Project

General

Profile

action #33127

[sle][s390x][infrastructure][hard] set up dedicated z/VM for (open)QA on our new storage system

Added by mgriessmeier almost 4 years ago. Updated over 1 year ago.

Status:
Resolved
Priority:
Normal
Assignee:
Target version:
SUSE QA - Milestone 31
Start date:
2018-03-13
Due date:
% Done:

0%

Estimated time:

Description

User Story

To avoid things happening like two weeks ago again, we want to have a permanent solution for running our s390x z/VM tests on a stable environment, e.g. the new storage and (later) on our new mainframe system (it's easily migrateable)

Acceptance Criteria

AC1: set up z/VM 6.3 (or even 6.4) on an LPAR running on our zEC12 Mainframe with disks on the DS8870
AC2: configure guests according to the requirements of QA SLE openQA automation tests on z/VM
AC3: set up guests according to additional requirements for manual testing on z/VM
AC4: integrate new system in our openQA environment


Related issues

Blocks openQA Infrastructure - action #68872: job age max exceeds alarm thresholdResolved2020-07-122020-09-02

History

#1 Updated by mgriessmeier almost 4 years ago

most likely [epic] - to be discussed in sprint planning

#2 Updated by okurz almost 4 years ago

  • Project changed from SUSE QA to openQA Tests
  • Category set to Infrastructure
  • Target version set to Milestone 15

#3 Updated by okurz almost 4 years ago

  • Priority changed from Normal to High

It sounds like the old storage will die down soon - at least according to Wolfgang and Ihno so let's go ahead.

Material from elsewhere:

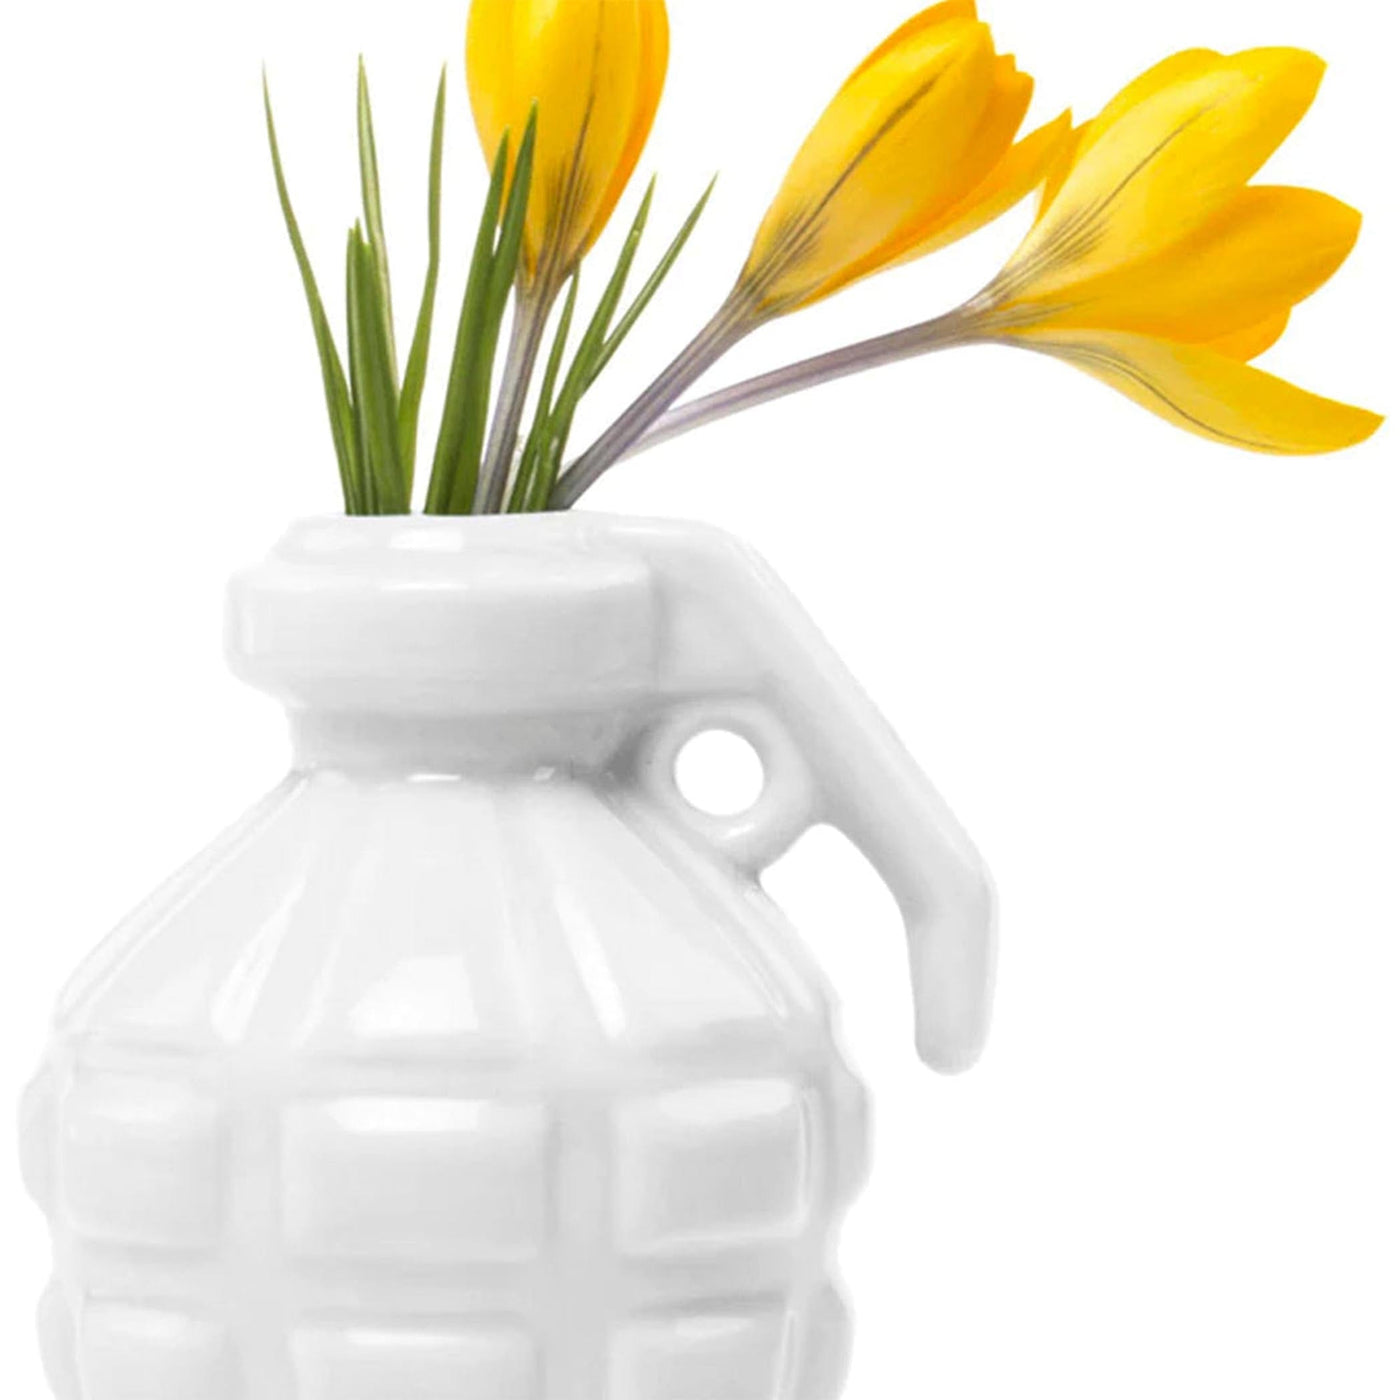 Laissez-vous inspirer par la toile parfaite offerte par le vase ne forme de grenade Kapow pour exprimer votre créativité florale, des fleurs délicates aux arrangements les plus audacieux.

#4 Updated by mgriessmeier almost 4 years ago

  • Subject changed from [sles][functional][s390x][infrastructure] set up dedicated z/VM for (open)QA on our new storage system to [sles][functional][s390x][infrastructure][hard] set up dedicated z/VM for (open)QA on our new storage system
  • Status changed from New to Workable

#5 Updated by mgriessmeier almost 4 years ago

  • Status changed from Workable to Feedback

waiting for a LPAR from s390-Admin team to perform the installation there

#6 Updated by mgriessmeier almost 4 years ago

  • Due date changed from 2018-03-27 to 2018-04-10

mgriessmeier wrote:

waiting for a LPAR from s390-Admin team to perform the installation there

apparently not happening this week anymore... shifting to next sprint

#7 Updated by mgriessmeier almost 4 years ago

  • Subject changed from [sles][functional][s390x][infrastructure][hard] set up dedicated z/VM for (open)QA on our new storage system to [sles][functional][s390x][u][infrastructure][hard] set up dedicated z/VM for (open)QA on our new storage system

#8 Updated by mgriessmeier almost 4 years ago

no feedback from Ihno/Gerhard/Wolfgang until now

#9 Updated by mgriessmeier almost 4 years ago

  • Due date changed from 2018-04-10 to 2018-04-24

#10 Updated by okurz almost 4 years ago

1 month ago you were explaining to mee that this is critical so do the other guys not share your concerns or what's going on? How high is the risk that SLE15 GMC validation will be impacted?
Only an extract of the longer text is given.